What he prophesied in 1949 seems to have come true under the present BJP government: “I find there is no limit to the hunger of the Central Government to take more and more powers to themselves and the more they eat, the greater is the hunger for taking more powers”.
Faced with this opposition, Dr Ambedkar clarified: “The point of the matter is, the word ‘investigation’ here does not permit and will not permit the making of an investigation into a crime because that matter under the Criminal Procedure Code is left exclusively to a police officer. Police is exclusively a State subject; it has no place in the Union List. The word ‘investigation’ therefore is intended to cover general inquiry for the purpose of finding out what is going on. This investigation is not investigation preparatory to the filing of a charge against an offender which only a police officer under the Criminal Procedure Code can do”.
In other words, he supported Viceroy Dufferin’s policy of camouflaging political intelligence with a façade of criminal intelligence. That was the reason why the Director Intelligence Bureau (DIB) used to chair a crime conference at least till 1976 when I used to attend regularly. In later years, the Central Bureau of Investigation (CBI) started holding national crime conferences.
It is significant that the Central Government avoided having any Central Police with investigating powers till 1946 when it passed the Special Police Establishment (SPE) Act to deal with wartime corruption in Central government. In 1963, the SPE was renamed as CBI, with no separate law to govern its working. Under Section 6, the consent of the state government was mandatory before the CBI undertook any investigation in their jurisdiction. This is based on Schedule 7.
The present trend of using the National Investigating Agency (NIA) or Enforcement Directorate (ED) to carry out parallel investigations in the states without state concurrence thus goes against the “basic structure” of our Constitution as given in Schedule 7. The Centre cannot carry out any “investigation” under the Criminal Procedure Code.
Nowadays, the ED appears behind every politically important crime investigation in Opposition-ruled states, the latest being the “money laundering” case against former Maharashtra Home Minister Anil Deshmukh, which is being investigated by the CBI under the orders of the Bombay High Court. The ED has now become a self-styled “super anti-corruption” body with the Central Government when no such arrangement exists in our Constitution.

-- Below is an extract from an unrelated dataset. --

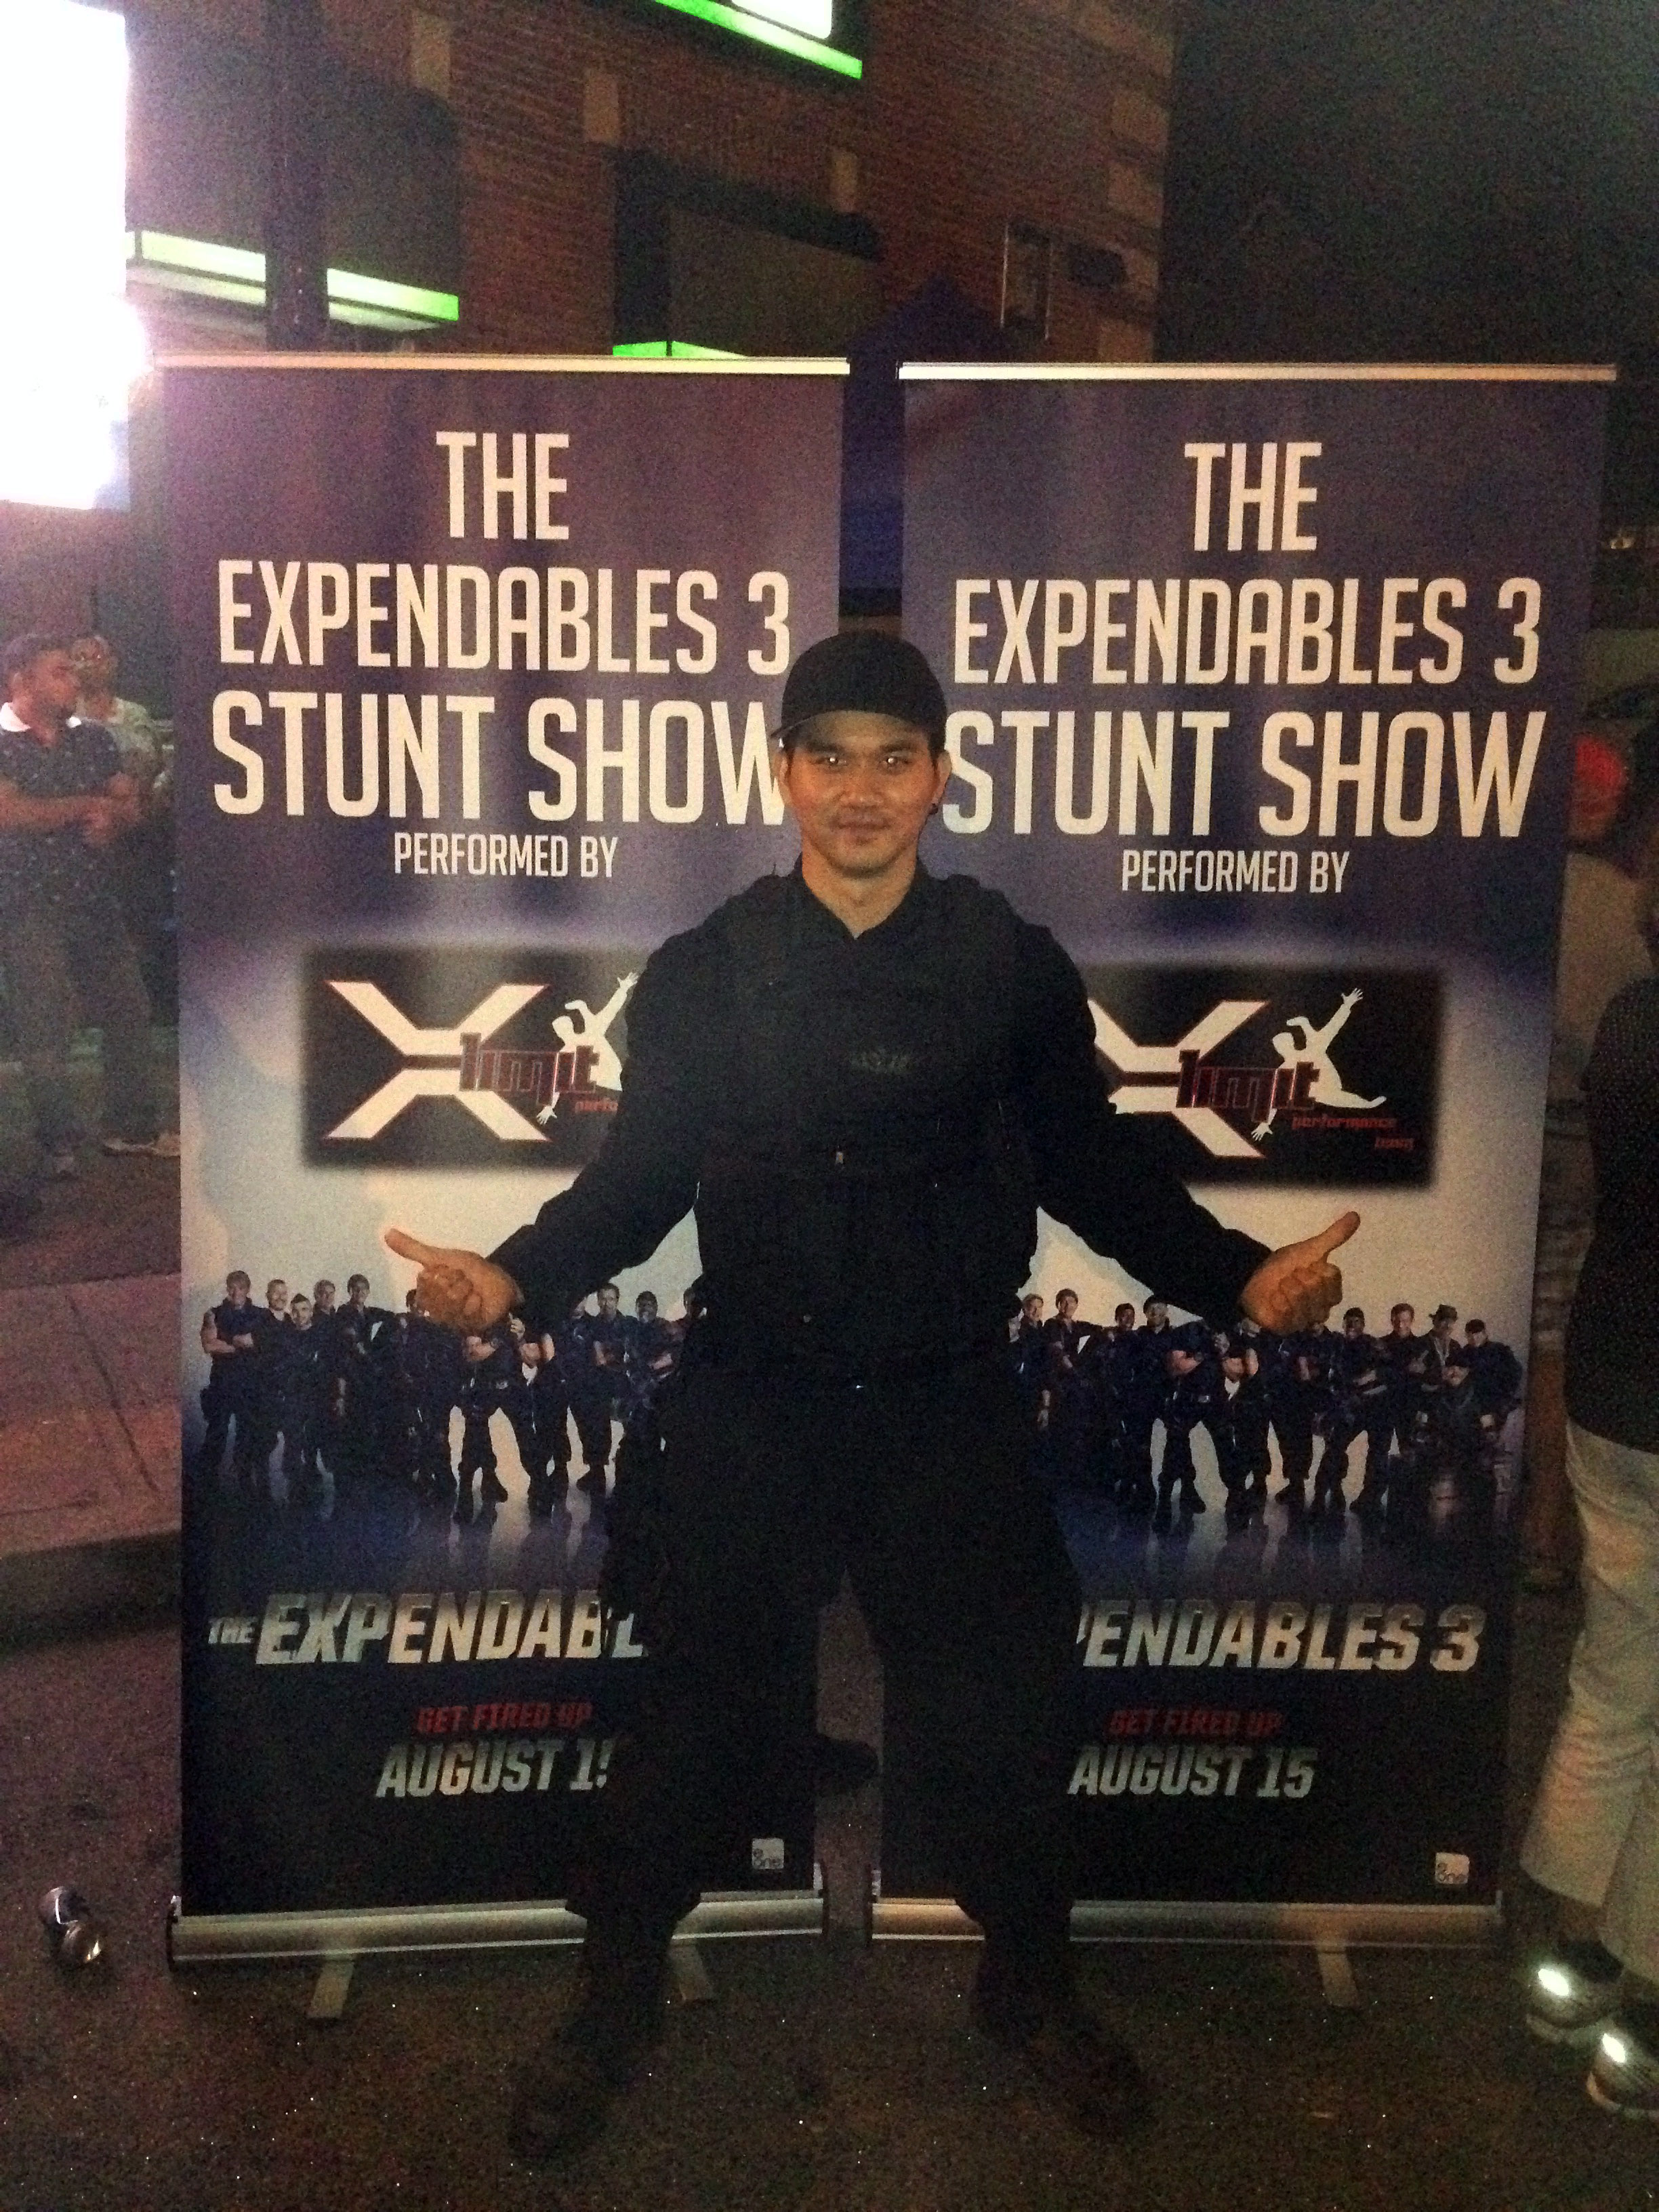 Expendables 3 Live Action Show - X Limit Entertainment Show choreographed by: Phi Huynh Full Video; https://www.youtube.com/watch?v=ABKGyNWNevw

On August 21, 2020, Law Street India published an excellent paper on how the ED is arbitrarily exceeding its charter, especially when it does not have police powers under the 1861 Police Act. A 2018 Delhi High Court judgment was referred to a higher bench to examine whether the ED has the CrPC powers of police under the Money Laundering Act. This is not yet settled.
There is, therefore, urgent necessity for the states concerned to move the apex court to issue clear guidelines to the Centre and the states as enshrined in the Constitution.